Hi, Dave, if you're reading this, then you totally forgot how to do this. Lemme help you out.
Switching from boost::ublas to the blas/cblas interface made things much much faster. So here are what I did to convert boost::ublas implemented code to cblas in less than a few hours. There may be easier/better ways, but this worked for me and provided a nice gentle way for me to learn how to use the blas functions. Keep in mind that I don't have root access to these machines, so this works even if you only have access as a user.
First, I installed the cblas interface. I'm assuming you have liblapack installed somewhere or its equivalent, as well as gfortran.

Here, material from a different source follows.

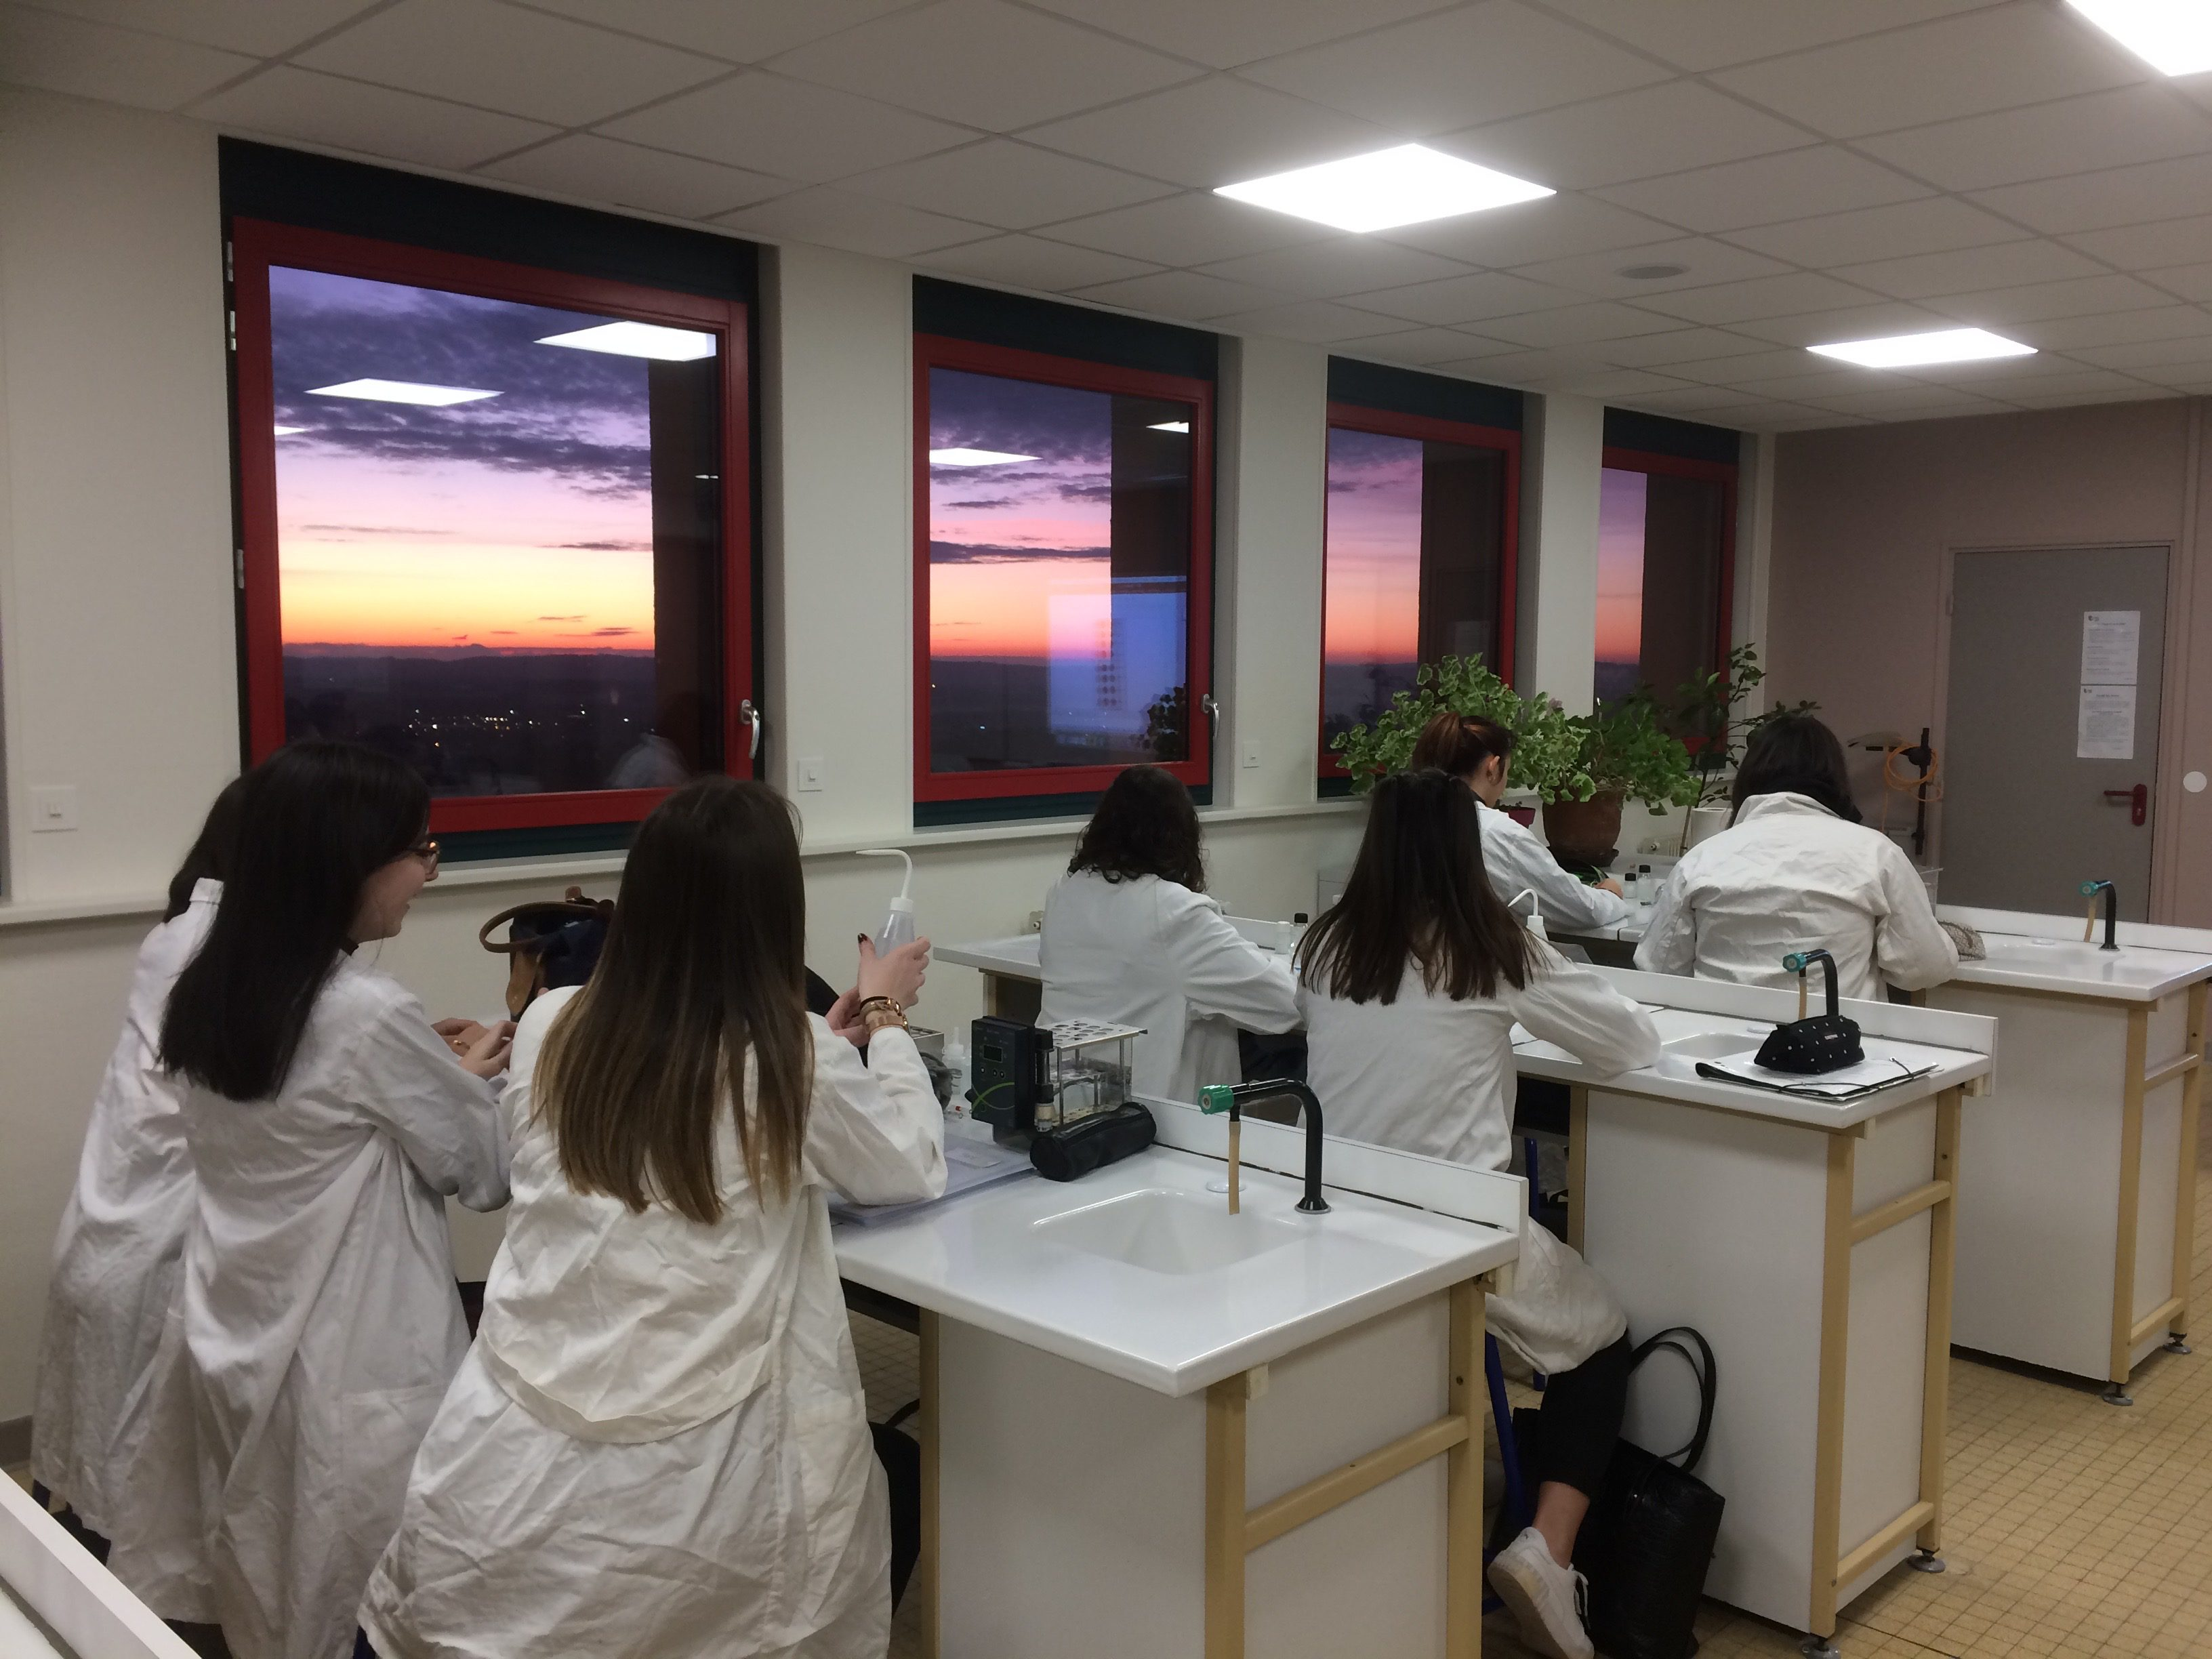 Des élèves au cours d'une activité expérimentale

Then unpack, and move into the CBLAS directory. Copy Makefile.<ARCH> into Makefile.in. Here I used Makefile.LINUX. The only sections I changed here was to
BLLIB = $(ACML_LINK) -L/opt/pgi/linux86-64/6.2/libso -lacml -lacml_mv -lpgftnrtl CBDIR = $(HOME)/CBLAS CBLIBDIR = $(CBDIR)/lib/$(PLAT) CBLIB = $(CBLIBDIR)/cblas_$(PLAT).a ... FC = gfortran
To add AMD's math libraries acml, acml_mv and pgftnrtl, a fortran runtime library, which are stored in that directory. Also, I didn't have g77 installed, so I used its updated version, gfortran.
After this, just run
$ make alllibAnd you should get a nice static link library out called cblas_LINUX.a. This stores all the various blas level 1/2/3 interface objects in one container. You can make your executables smaller if you use individual objects.
Now, I just had to add
extern "C"{ #include "cblas.h" }To my header files, and I can now use the cblas functions.
To make my life easier, I ended up writing a bunch of wrappers for the cblas functions, here is an example.

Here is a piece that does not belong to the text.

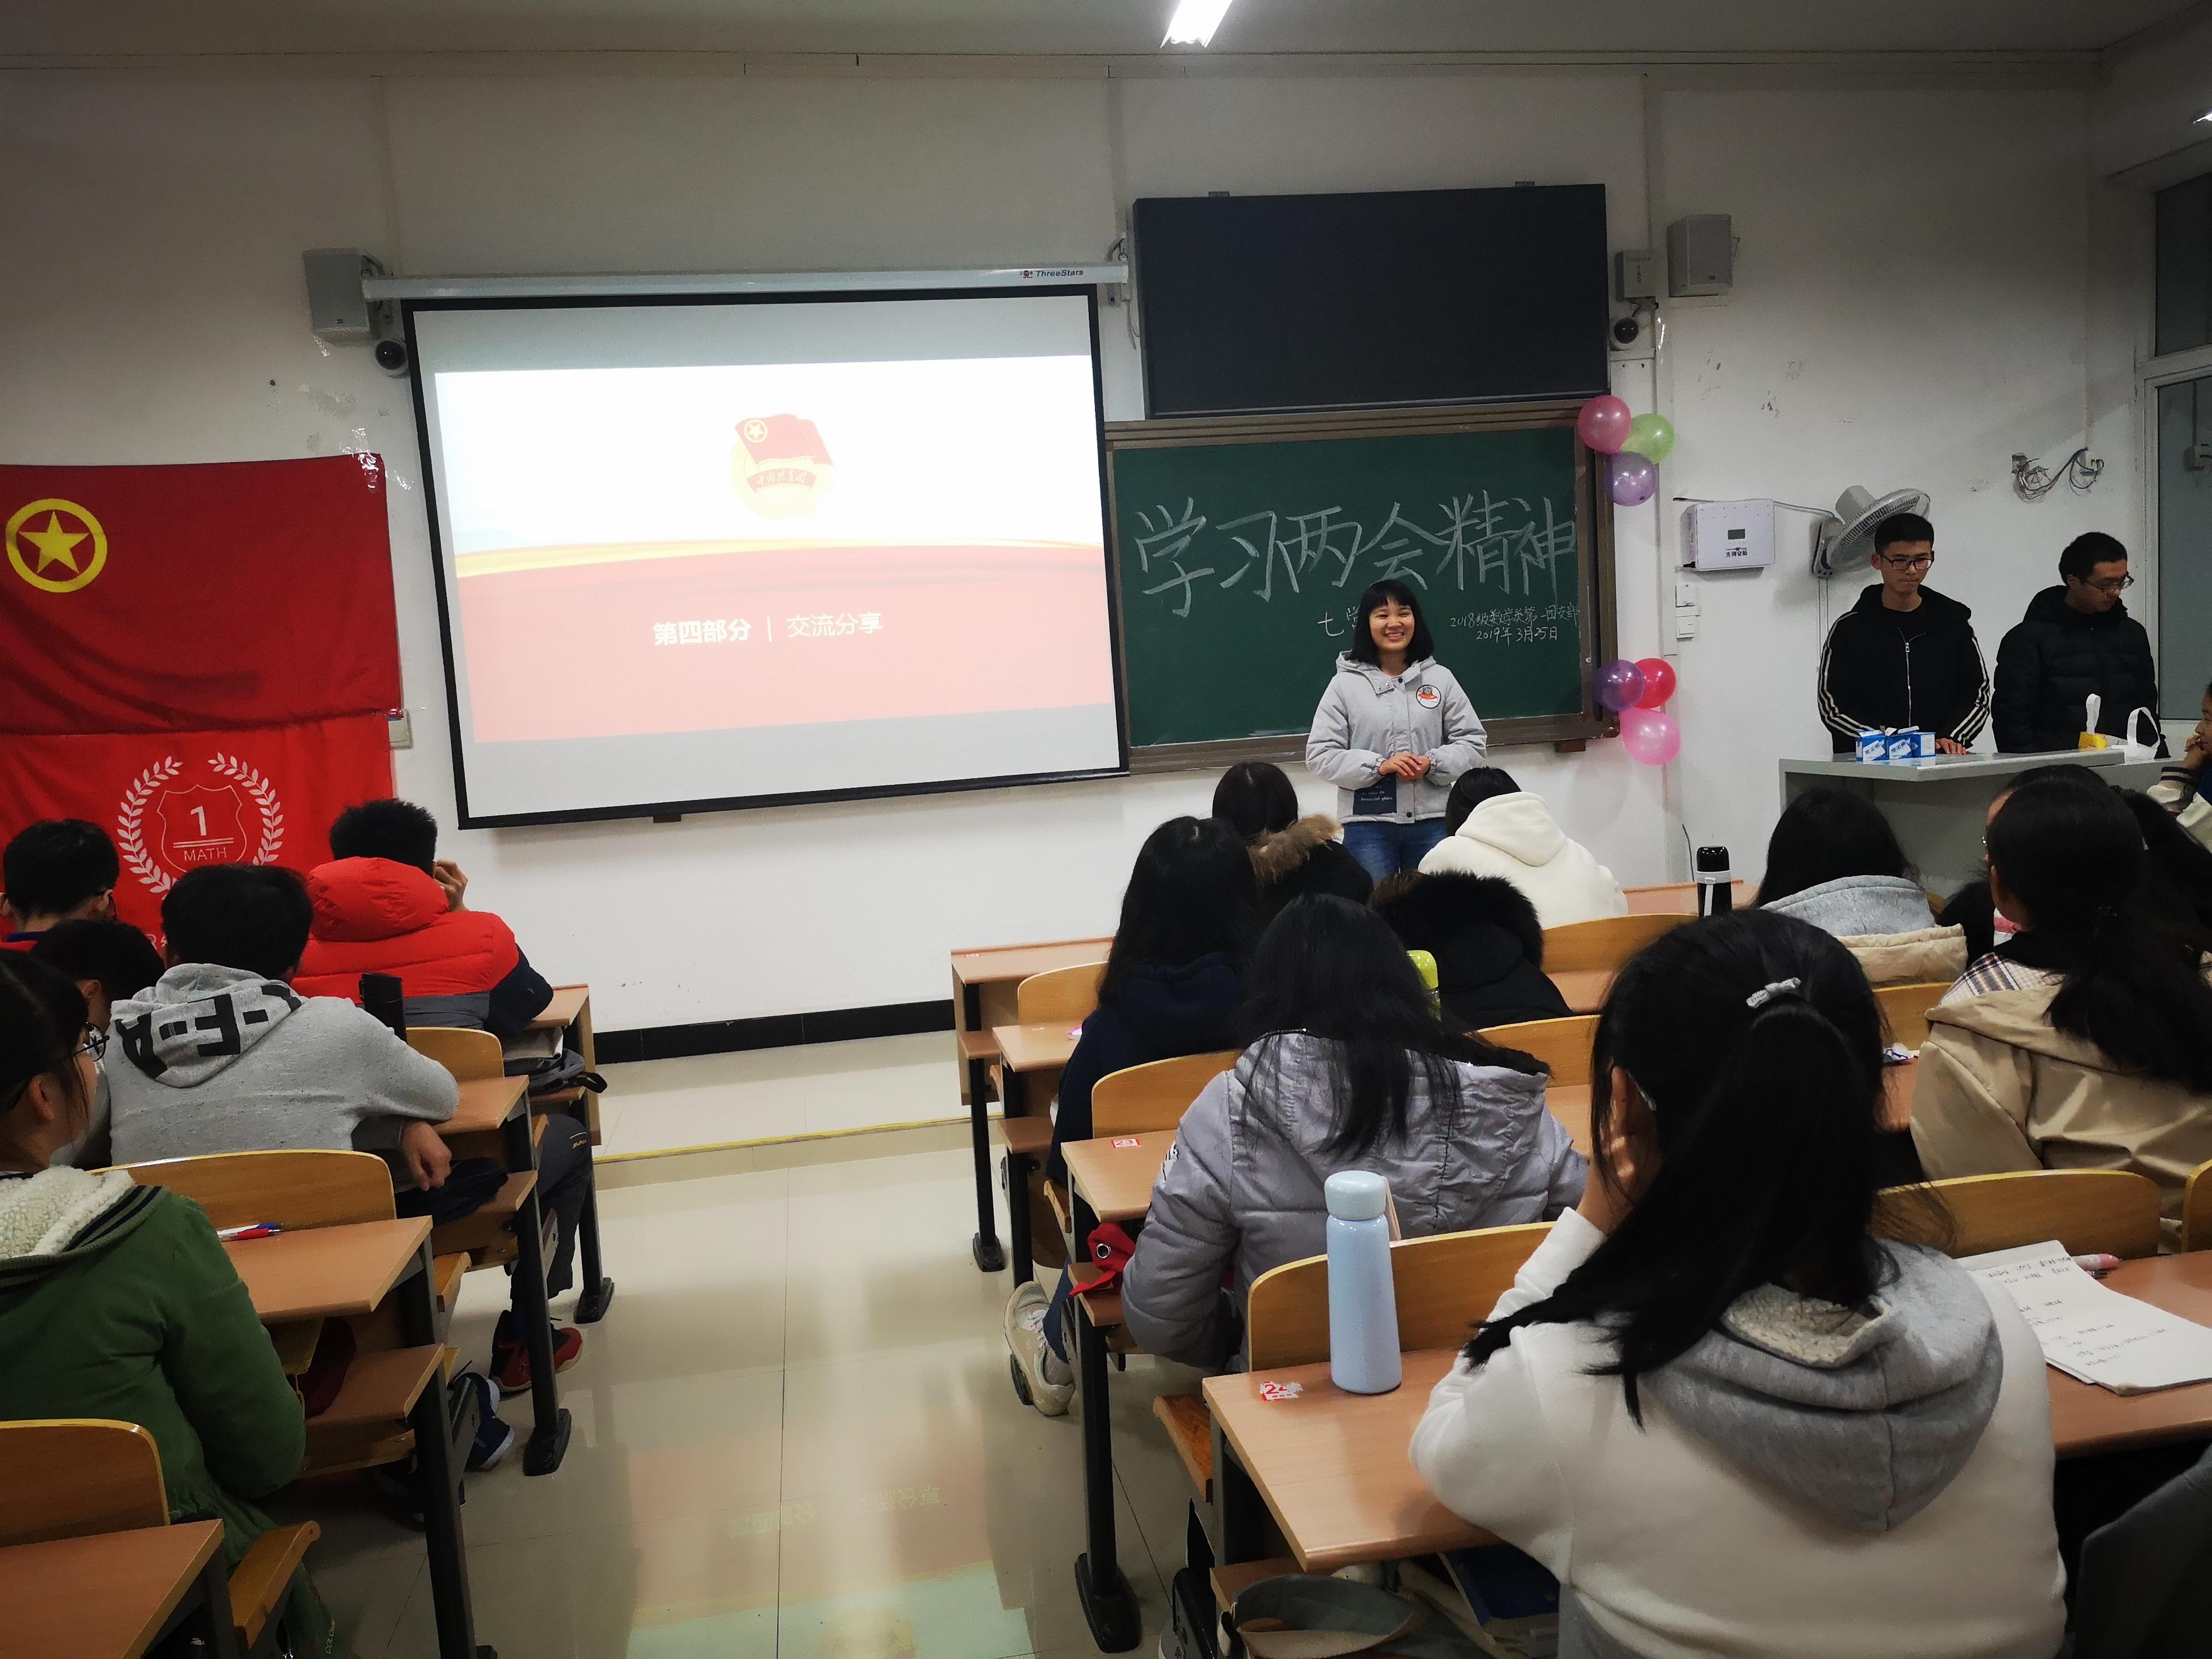 班最后,高中们纷纷牢记要牢记伟大的两贴吧,表示作为大学生的同学精神桥和图片

void cblas_prod (ublas::matrix<double, ublas::row_major, ublas::unbounded_array<double> >& C, const ublas::matrix<double, ublas::row_major, ublas::unbounded_array<double> >& A, const ublas::matrix<double, ublas::row_major, ublas::unbounded_array<double> >& B){ cblas_dgemm(CblasRowMajor, CblasNoTrans, CblasNoTrans, C.size1(), C.size2(), A.size2(), 1.0, &A.data()[0], A.size2(), &B.data()[0], B.size2(), 1.0, &C.data()[0], C.size2()); }As you can see, the way the inner data array is arranged makes all the difference. In general, ublas's matrix and vector array can be accessed by its .data() member function. Since this is row major, each matrix row contains column size entries, so use the column size (A.size2()) as an argument to the int incX arguments in the cblas API. Alternatively if A were column major, you'd use A.size1() as the "incA" argument.

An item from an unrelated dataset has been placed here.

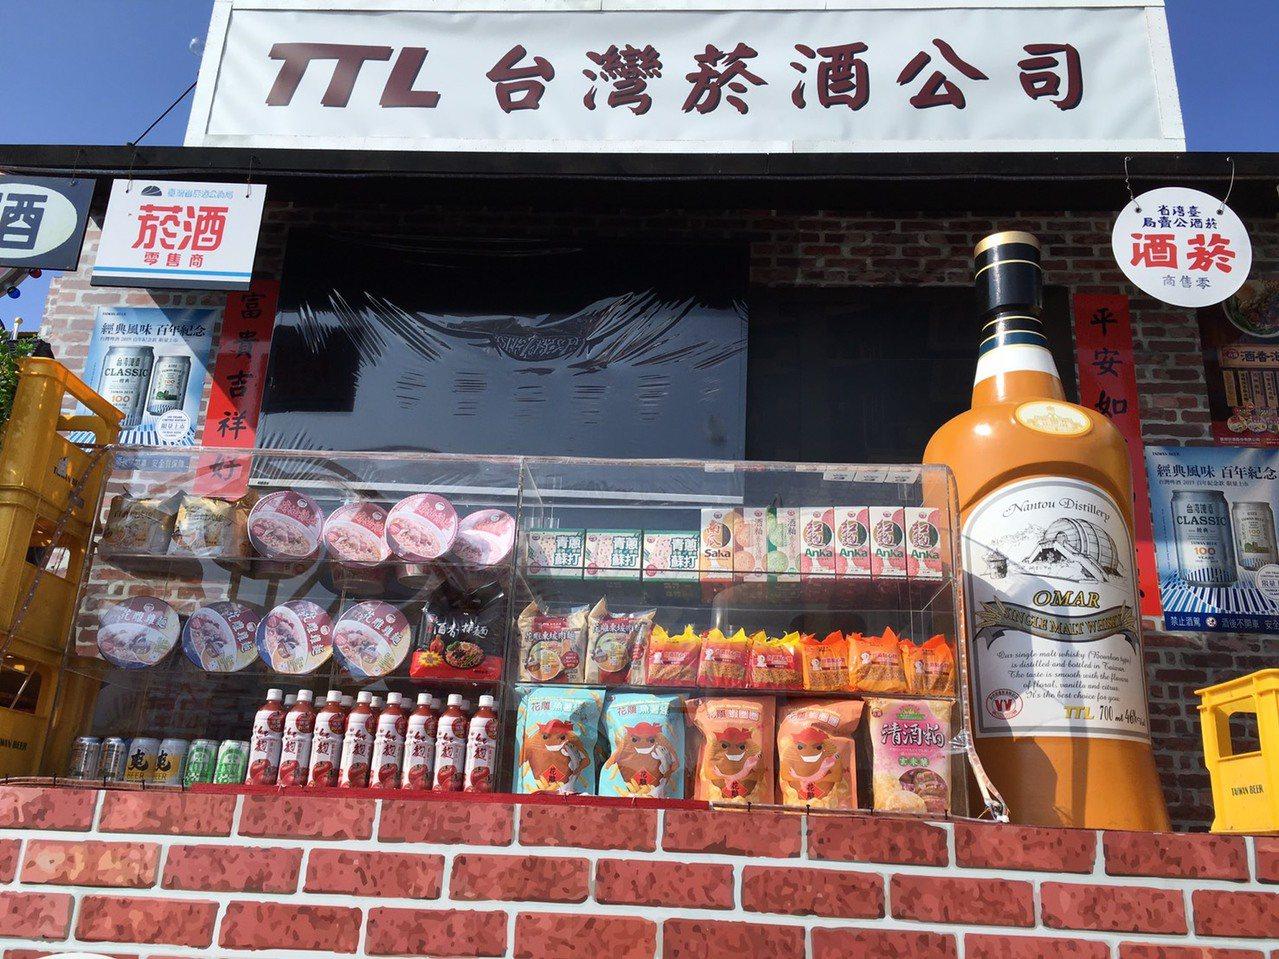 台灣菸酒公司花車上面擺設自家熱銷品,遊行順便打廣告。記者吳姿賢/攝影

By adding one of these for every combination (rowMajor, rowMajor, colMajor), (rowMajor, colMajor, rowMajor), you can avoid the headache of caring when you just want to multiply two matrices. On the other hand, you should be aware that dgemm, for example can do a bit more than straight multiplication. Actually, also zero out the C matrix above before using, as written, the above actually assigns C = A*B + C, unless this is the behavior you want.
Now linking is pretty easy, and getting the right includes is pretty easy. Just set your makefile to do something like
$ g++ /path/to/cblas_LINUX.a myfile.cpp -o myfile.exe \ -L. -L/opt/pgi/linux86-64/6.2/libso -lacml -lacml_mv -lpgftnrtl \ -O3 -fexpensive-optimizations -funroll-loops -DNDEBUG \ -I/where/you/unpacked/CBLAS/src -I.And now you can replace any slow ublas things with fast cblas things, without too much change.
Sincerely, me.